An evening at Chilaw Lagoon

November 17th, 2014

Recently, I visited one of our project sites in Sri Lanka – the Chilaw Lagoon. The “Sustainable Lagoons and Livelihood Project” is working with the lagoon fishers to establish a model for community-led lagoon governance simultaneously addressing livelihoods and natural resources issues. The project is funded by the Big Lottery Fund, UK which is directly benefiting 20,000 fisher families in Sri Lanka.


Lagoon fishers in action – putting stake net

We reached the lagoon in the evening, just in time to see the fishers arrive and put the stake net in the lagoon. They were geared with a locally made fishing craft, nets stakes and wig lamps. The leader of the group identified an appropriate place to put the net and the group started to fix the net as directed by the leader. It was almost dark by the time they completed fixing the net. For light, big wig lamps were hung above the net on the sticks – light is very important as the prawns and shrimps move towards the light.

Putting stake net is very cumbersome and requires a lot of effort but the fishermen have fun and enjoy the whole process. Usually the net fixing activities start in the evening around 7 pm and they wait for the catch until there is sign of in-flow from the sea to lagoon.

The stake net is placed according to out-flows (water moving from lagoon to sea) in the lagoon which is significantly affected by the cycles of the moon. On a full moon day, they fix about 8 stake-nets and will reduce to 1 or 2 during a normal moon day. During full moon, the out-flow (lagoon to sea) is higher and at this time fish and other aquatic creatures move towards the sea as they do not have to make any effort to reach the sea.

The net is monitored frequently to collect the catch. They usually look for high value species like wild prawns and shrimps. They celebrate their first catch by cooking and consuming the catch in a three stone hearth by the side of the lagoon. They enjoy the first catch with a hearty laughter. This motivates them to stay awake during the night as well as provides them strength and nutrition.

The first catch

The first catch

The whole process completes around mid-night. The collected catch then is sorted by the female members of the community. The middlemen wait until the catch is ready. They negotiate the price, make a payment to the fishers and take the catch to the market. A good catch can provide up to 40,000 Sri Lankan Rupees in a single day. The accumulated money is divided equally within the group members.

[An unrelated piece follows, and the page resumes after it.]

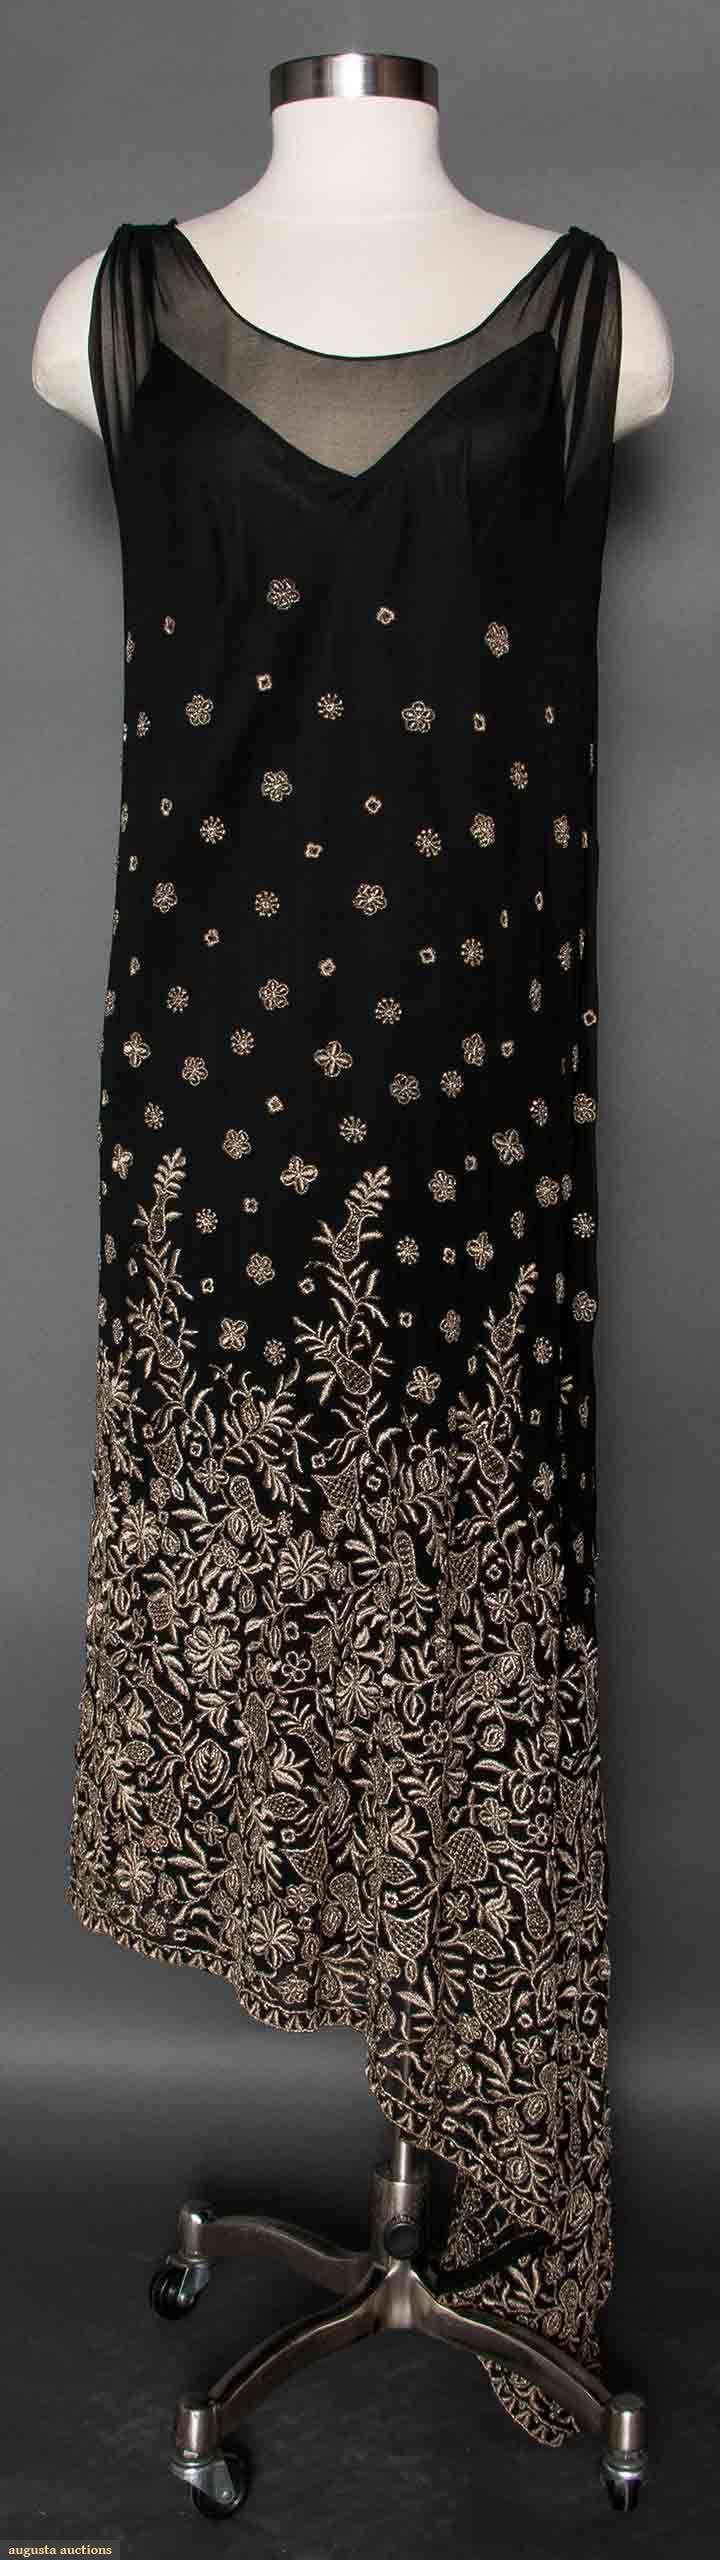 Plata bordado del vestido de noche, 1920,

The project is working with such lagoon fisher communities in 18 lagoons. The lagoon fisher communities are fully dependent in the lagoons for their livelihoods so they are aware of the importance in preserving those resources which they have been utilising since hundreds of years. The community management measures for equal distribution of fish harvesting and inclusion and exclusion of lagoon catch harvesters to reduce fishing pressure and controlled fishing are some of the significant practices in the communities for sustainable harvest. The lagoon is self-governed by the community and the project is building the capacity of the fishers as well as the relevant government officers from different decision making levels and lagoon fishery market chain actors for collaborative governance of the lagoon.